Grobogan Siapkan Peraturan Bupati Tentang Tanda Daftar Usaha Pariwisata

Kasi Pemasaran Promosi dan Produk Wisata Ruswandi menyampaikan penjelasan rencana pembuatan Perbup tanda daftar usaha pariwisata di Kabupaten Grobogan. (MuriaNewsCom/Dani Agus)

Kasi Pemasaran Promosi dan Produk Wisata Ruswandi menyampaikan penjelasan rencana pembuatan Perbup tanda daftar usaha pariwisata di Kabupaten Grobogan. (MuriaNewsCom/Dani Agus)

MuriaNewsCom, Grobogan – Makin menggeliatnya sektor pariwisata di Grobogan mulai menjadi perhatian dari pemkab setempat. Indikasinya, pemkab bakal menyiapkan sebuah peraturan bupati (Perbup) mengani tanda daftar usaha pariwisata (TUDPar).

Terkait dengan masalah tersebut, Pemkab Grobogan melalui Dinas Pemuda Olahraga Kebudayaan dan Pariwisata mengundang berbagai komponen yang berkaitan dengan dunia kepariwisataan, baik secara langsung maupun tidak langsung. Seperti, pengelola wisata, jasa transportasi, biro perjalanan wisata, jasa makanan dan minuman, akomodasi, hiburan dan rekreasi, serta penyelenggara pertemuan maupun pameran.

“Berbagai komponen yang berkaitan dengan usaha pariwisata sengaja kita kumpulkan. Tujuannya, untuk menyosialisasi dan meminta masukan terkait dengan rancangan pembuatan Perbup TUDPar,” kata Kabid Pariwisata Ngadino, Sabtu (24/12/2016).

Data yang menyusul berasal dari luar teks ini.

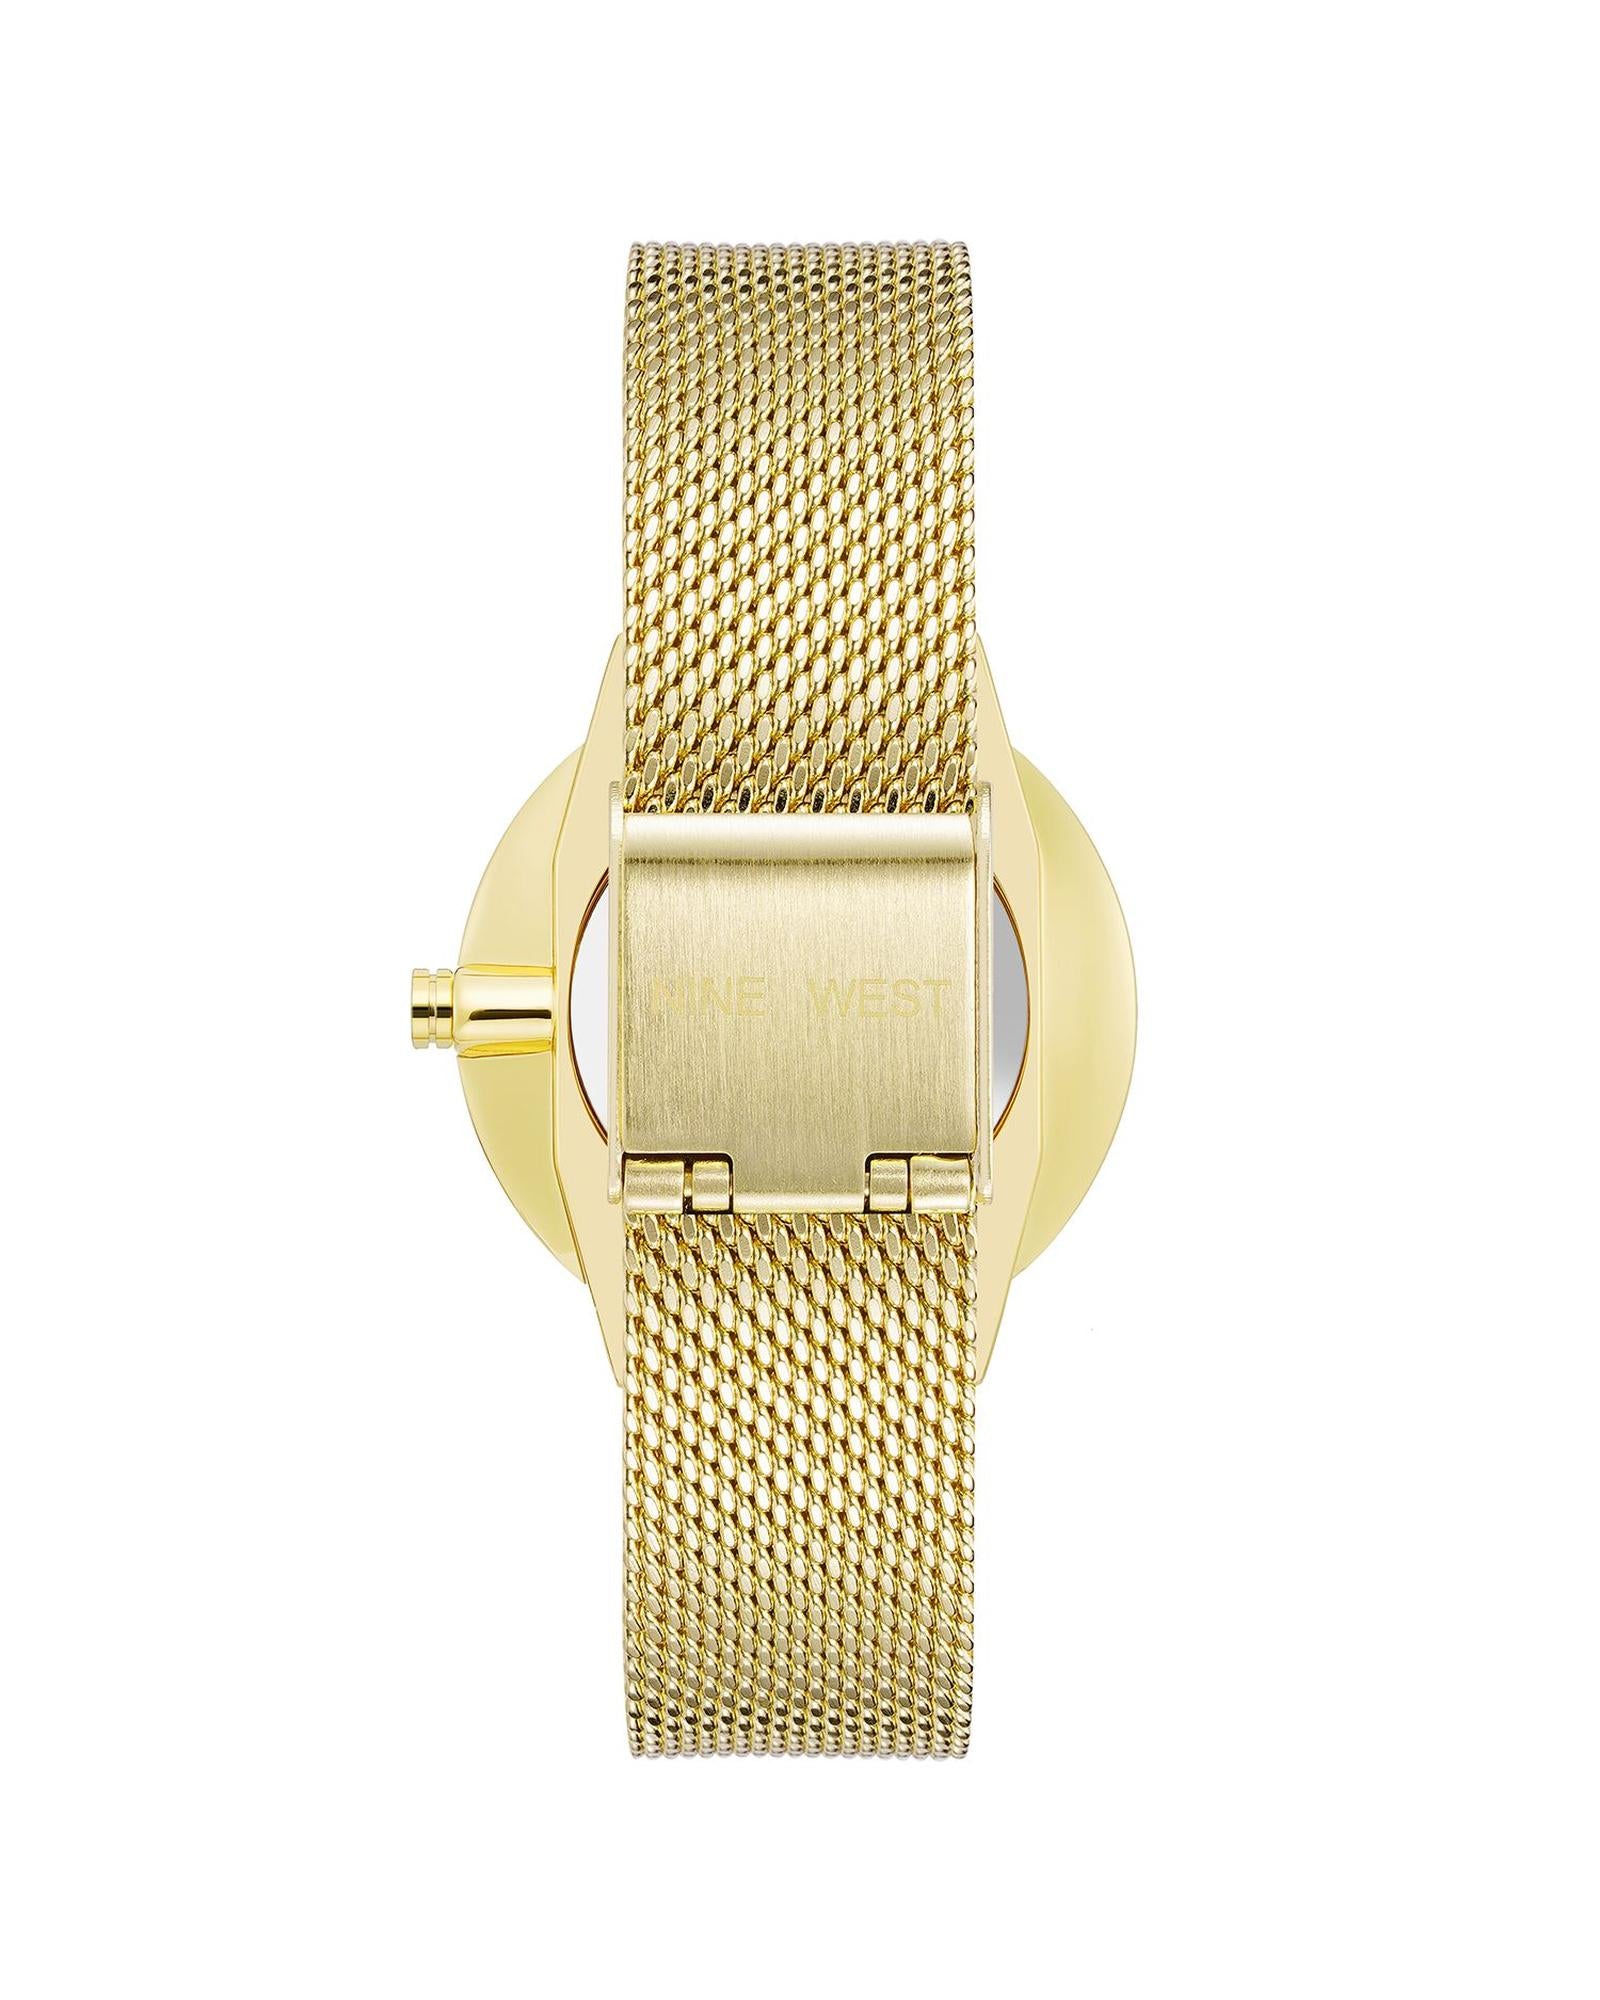 Gold Bangle Quartz Watch with Stainless Steel Mesh Wristband One Size Women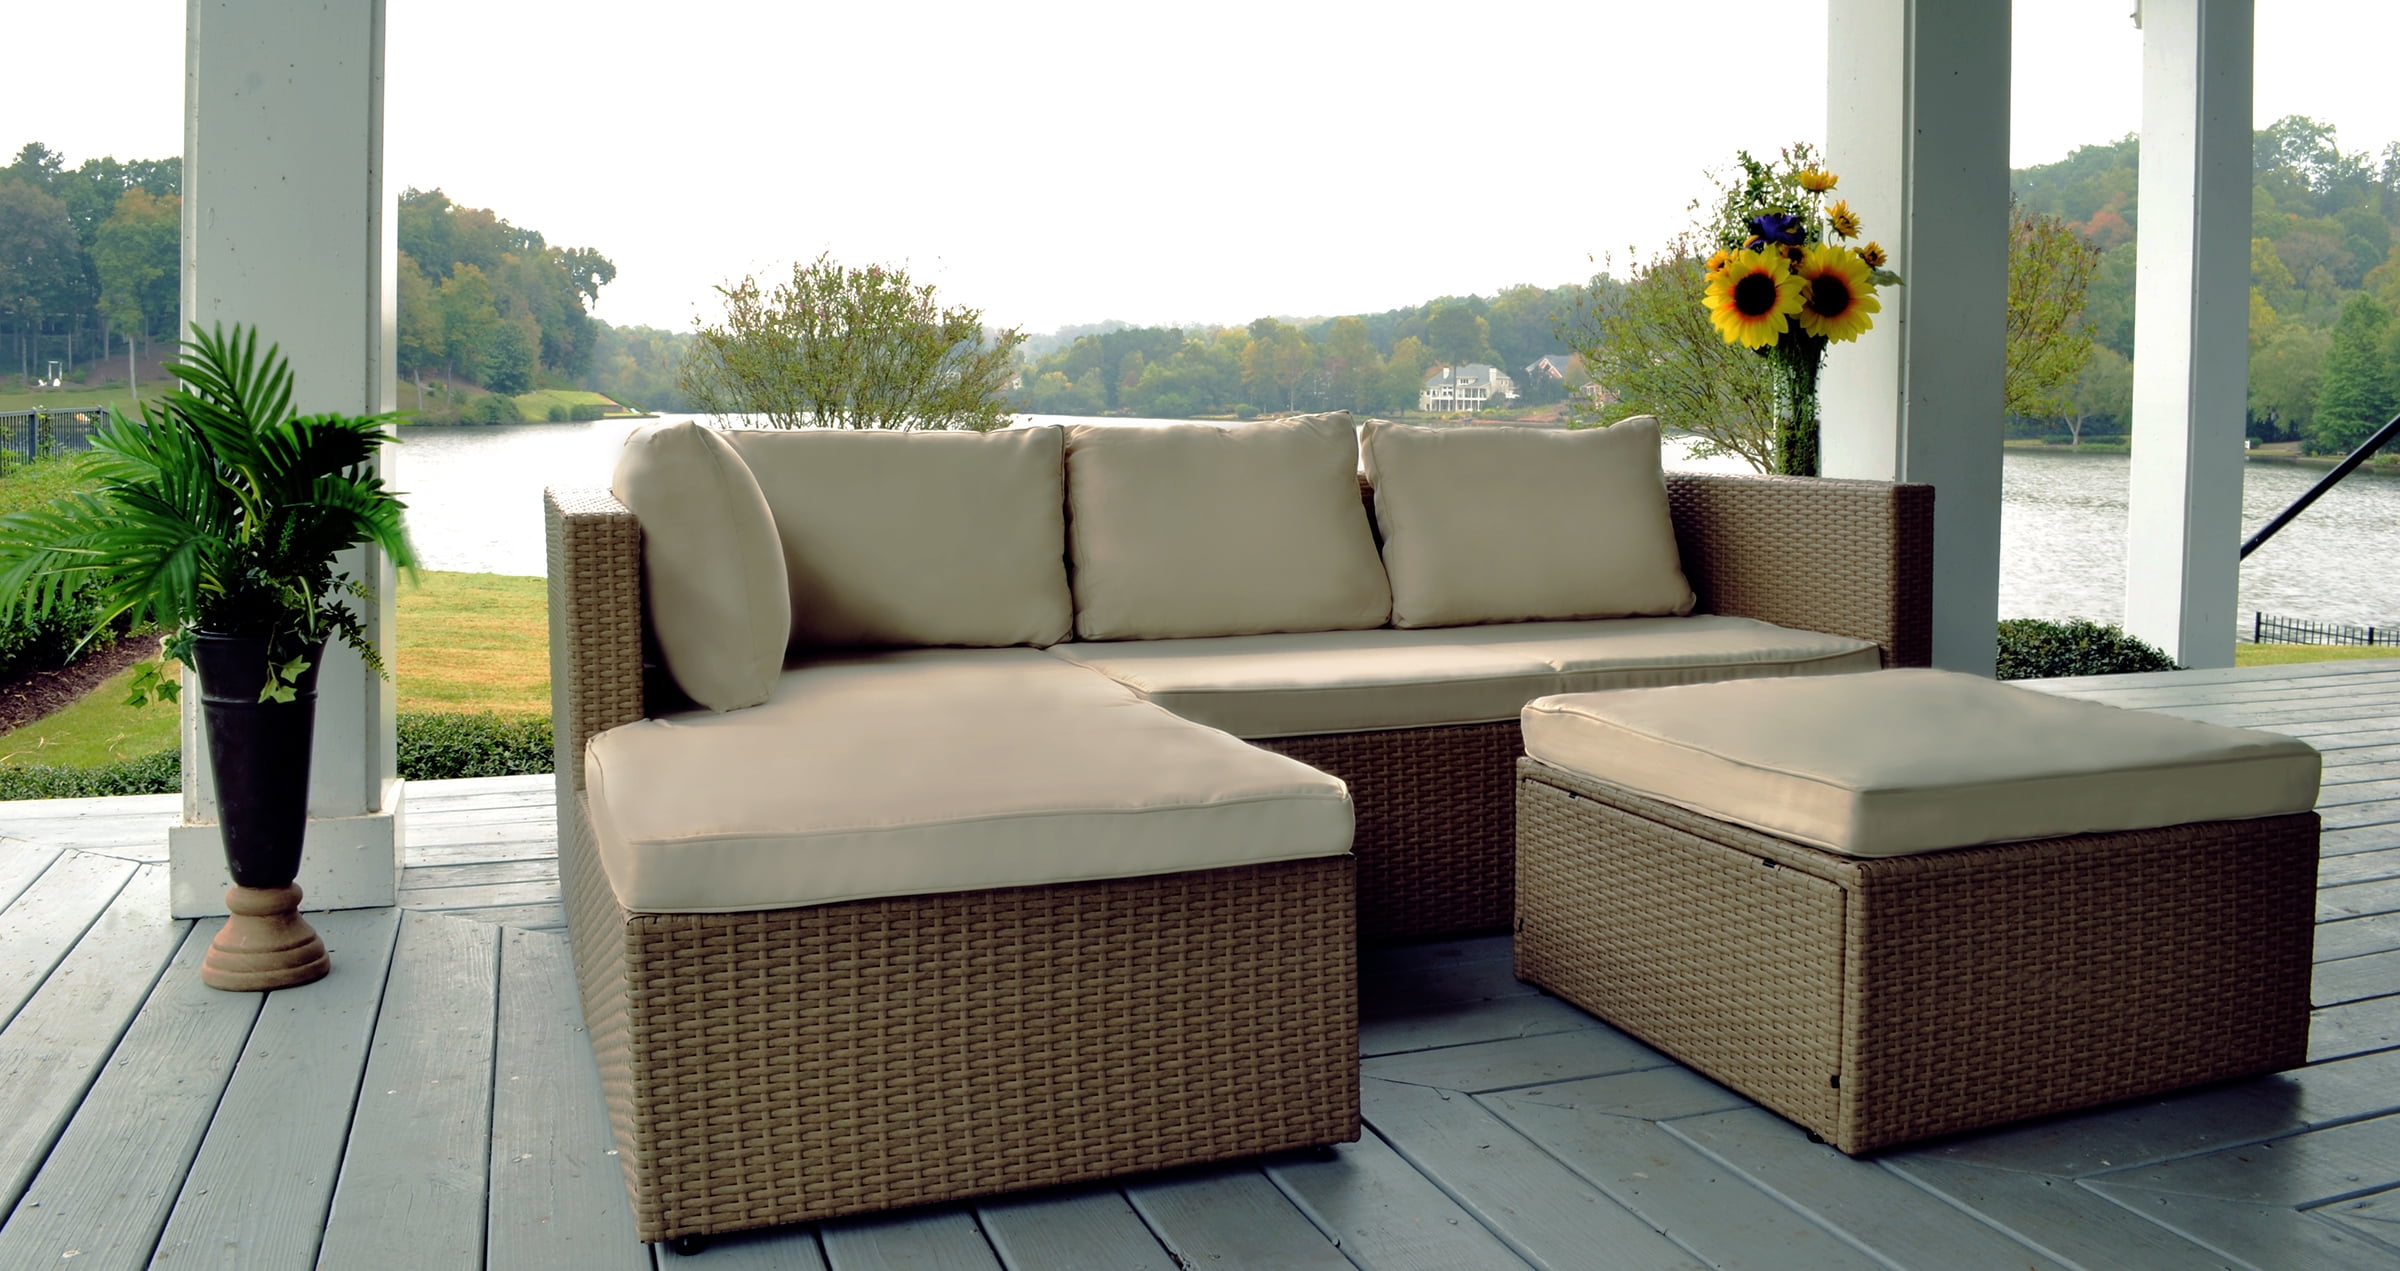 Katonah Outdoor Sectional Set with Vanilla Latte Colored Fabric and Sandstone Wicker

Dijelaskan, pembuatan Perbup bertujuan memberikan  kepastian  hukum  dalam  penyelenggaraan usaha pariwisata. Kemudian, adanya Perbup bisa sebagai aturan untuk mengendalikan penyelenggaraan usaha pariwisata serta sebagai sarana informasi. Dengan adanya Perbup itu dimaksudkan bisa menjadi pedoman bagi  instansi terkait dalam  memberikan  pelayanan pendaftaran  usaha  dan  bagi  masyarakat  dalam menyelenggarakan usaha bidang pariwisata.

Dalam Perbup nanti akan mengatur berbagai hal yang bersifat teknis. Misalnya, syarat untuk mendapatkan TUDPar. Baik syarat administrasi, yuridis, dan teknis.

Selain itu, dilakukan pula penjelasan mengenai tahapan yang harus dilakukan pemohon untuk mendapatkan TUDPar. Dalam Perbup juga mengatur kewajiban dan larangan para pelaku usaha pariwisata serta sangsinya.

“Mereka yang diwajibkan memiliki TUDPar adalah setiap  orang  atau  badan  usaha  yang  menjalankan  kegiatan usaha  pariwisata. Untuk mendapatkan TUDPar nanti tidak dipungut biaya,” imbuh Kasi Pemasaran Promosi dan Produk Wisata Ruswandi.

Sementara itu, para peserta yang diundang dalam kesempatan itu menyambut baik rencana pembuatan Perbup yang khusus mengatur masalah usaha pariwisata. Sebab, adanya aturan ini akan memberikan kepastian para pelaku usaha.

Meski demikian, ada beberapa masukan yang disampaikan pelaku usaha pariwisata itu. Antara lain, peratuan yang dibuat jangan sampai tumpang tindih dengan aturan yang sudah berlaku selama ini.

“Kami berharap dalam pembuatan Perbup ini dikaji dengan cemat dengan aturan yang sudah ada, baik dari pusat maupun provinsi. Jangan sampai, adanya aturan baru justru akan menyulitkan pelaku usaha pariwisata,” kata Mulyadi, perwakilan dari pengelola jasa makanan dan minuman.